We first tested the PEDV RdRp activity using the above assay system. We found that the NLuc activity and the ratio of NLuc and FLuc, reflective of PEDV RdRp activities, were decreased by CMPK2 overexpression (Fig 7B). Importantly, a defect in the PEDV RdRp activity was rescued by exogenous NTP supplementation in a dose-dependent manner even with CMPK2 overexpression (Fig 7B). We further explored the potential inhibitory effects on a γ CoV (represented by IBV) and a δ CoV (represented by PDCoV) RdRp by CMPK2. Interestingly, compared with those of PEDV, IBV RdRp activities were only slightly inhibited by CMPK2 and rescued by exogenous NTP supplementation (Fig 7C). Similarly, PDCoV RdRp activities were significantly inhibited by CMPK2 and rescued by exogenous NTP supplementation (Fig 7D). Subsequently, we examined the potential inhibition of a β CoV RdRp by CMPK2, represented by SARS-CoV-2. As expected, SARS-CoV-2 RdRp activities were inhibited by CMPK2 in a similar manner as that of PEDV (Fig 7E). Consistent with the above results, inhibition of SARS-CoV-2 RdRp activities was reversed by NTP treatment in a dose-dependent manner in the presence of CMPK2 overexpression (Fig 7E). We validated our findings in HEK293T cells in a panel of more physiologically relevant cell types, including IPEC-J2, Vero, DF-1, and Lilly Laboratories cell porcine kidney 1 (LLC-PK1) cells. Mutant CMPK2 with AKD deletion was unable to inhibit the different CoV RdRp activities, suggesting that AKD is essential for CMPK2 inhibition of CoV RdRp activities (S14A–S14D Fig).

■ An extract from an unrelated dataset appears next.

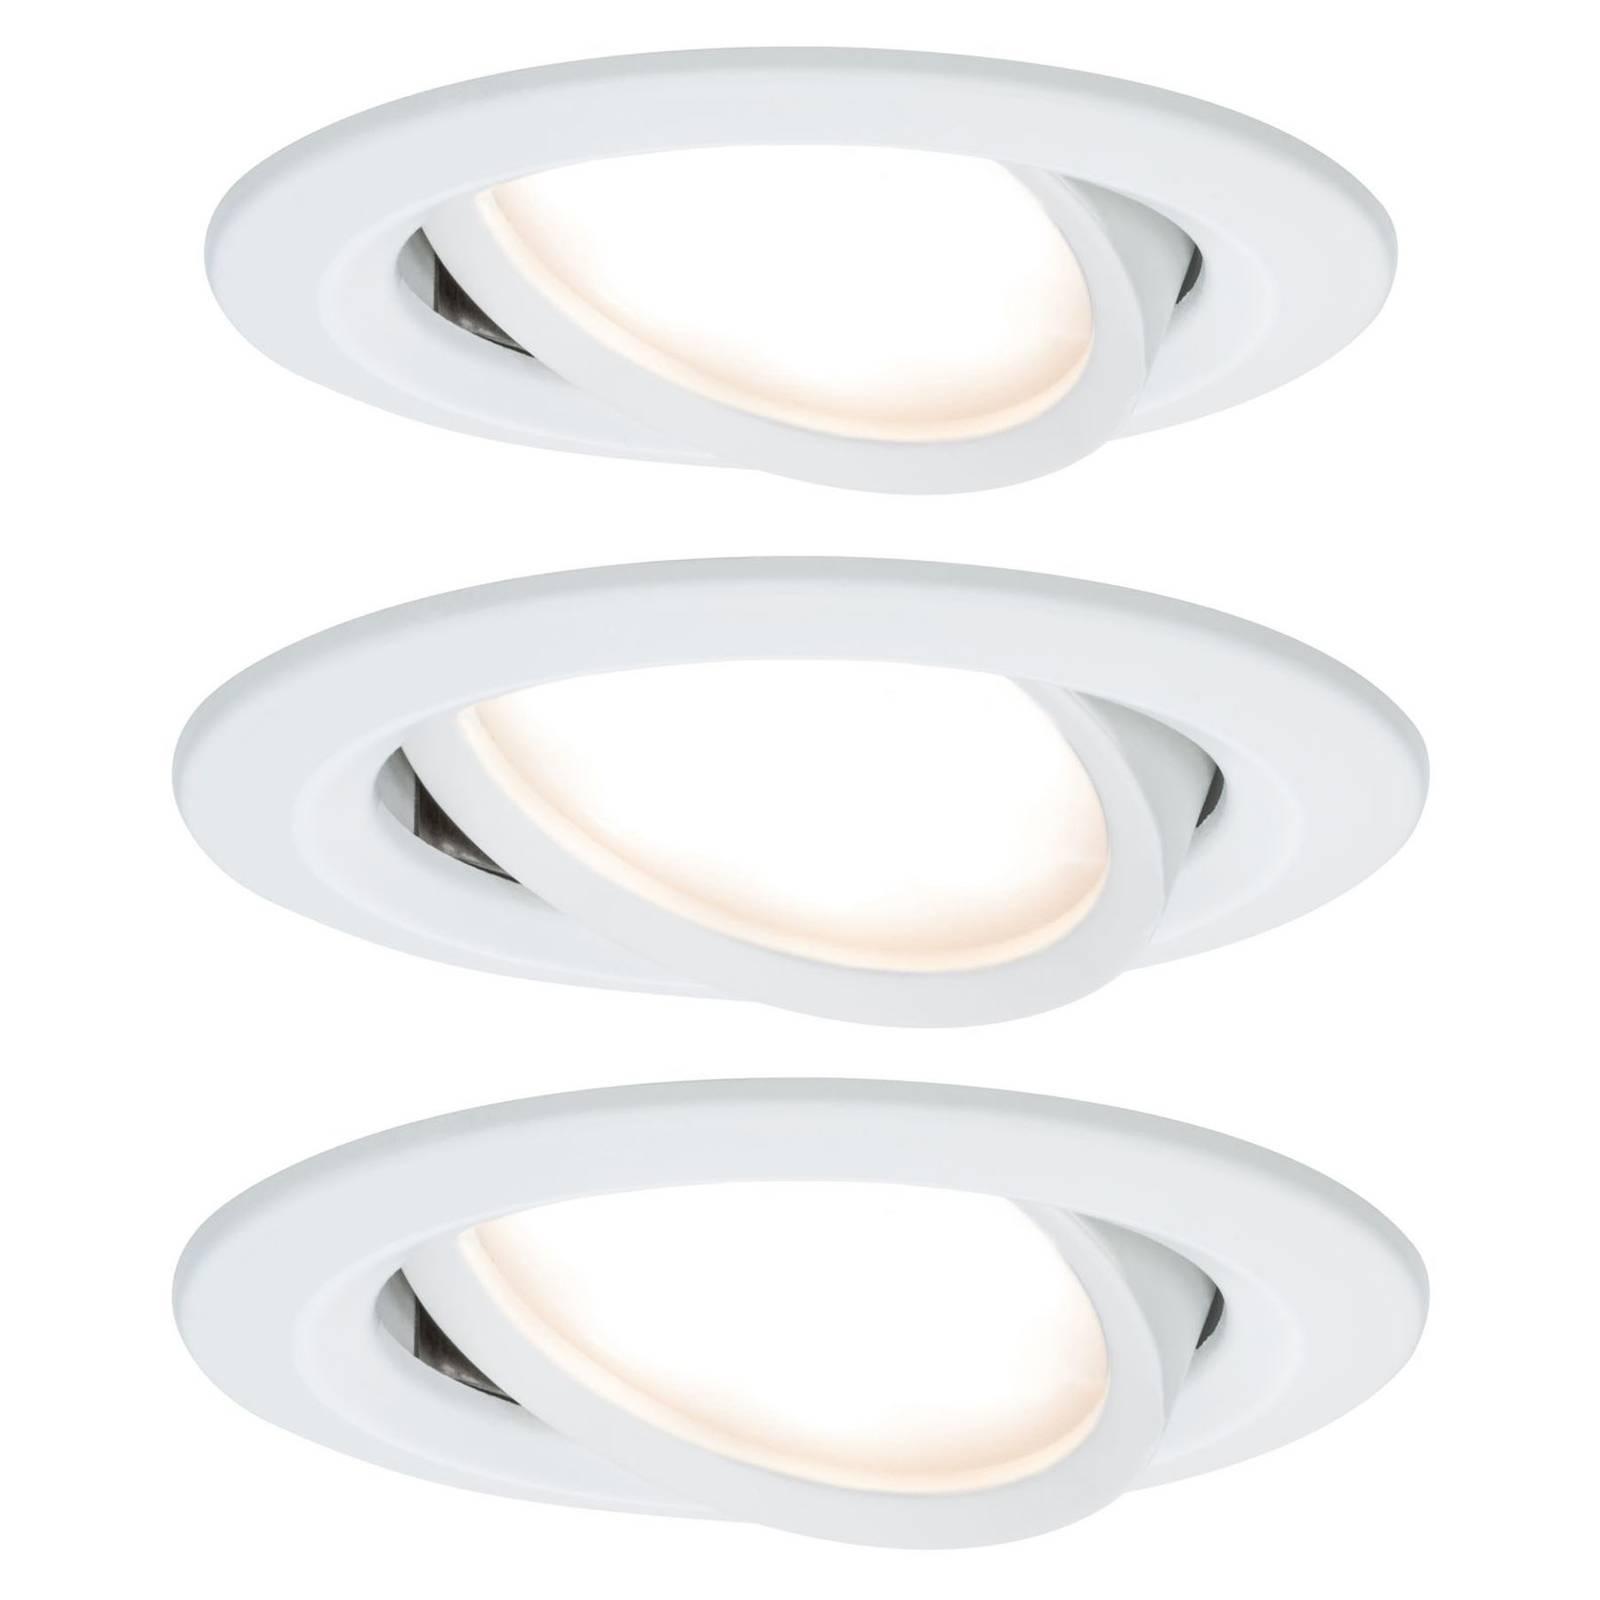 Paulmann Nova LED inbouwspot, gezwenkt, alu

The inhibition of RdRp activities does not necessarily equate to suppression of viral replication. To that end, we investigated the possible antiviral effects of CMPK2 on the replication of other CoVs besides PDEV. DF-1 cells were transfected with empty vector or CMPK2 and then infected with IBV. We found that the transcript and protein levels of IBV N were modestly decreased by CMPK2 overexpression (Fig 8A and 8B). The viral titers in the supernatants of the DF-1 cells overexpressing CMPK2 were significantly lower than those in the cells transfected with empty vector (Fig 8C). Similarly, we examined the possible inhibitory effect of CMPK2 on PDCoV replication. LLC-PK1 cells were transfected with empty vector or CMPK2 and then infected with PDCoV. We found that the transcript levels of PDCoV M and protein levels of PDCoV N were significantly decreased by CMPK2 overexpression (Fig 8D and 8E). The viral titers in the supernatants of the LLC-PK1 cells overexpressing CMPK2 were also significantly lower than those in the cells transfected with empty vector (Fig 8F). Of note, unlike the positive control antiviral molecule JIB-04 [39], even at the highest concentrations tested, ddhCTP did not block SARS-CoV-2 replication (Fig 8G). Collectively, these results demonstrate that CMPK2 is a novel host restriction factor. While the inhibitory effect on viral replication was strain-specific, CMPK2 interferes with CoV RdRp activities in ddhCTP-dependent manner.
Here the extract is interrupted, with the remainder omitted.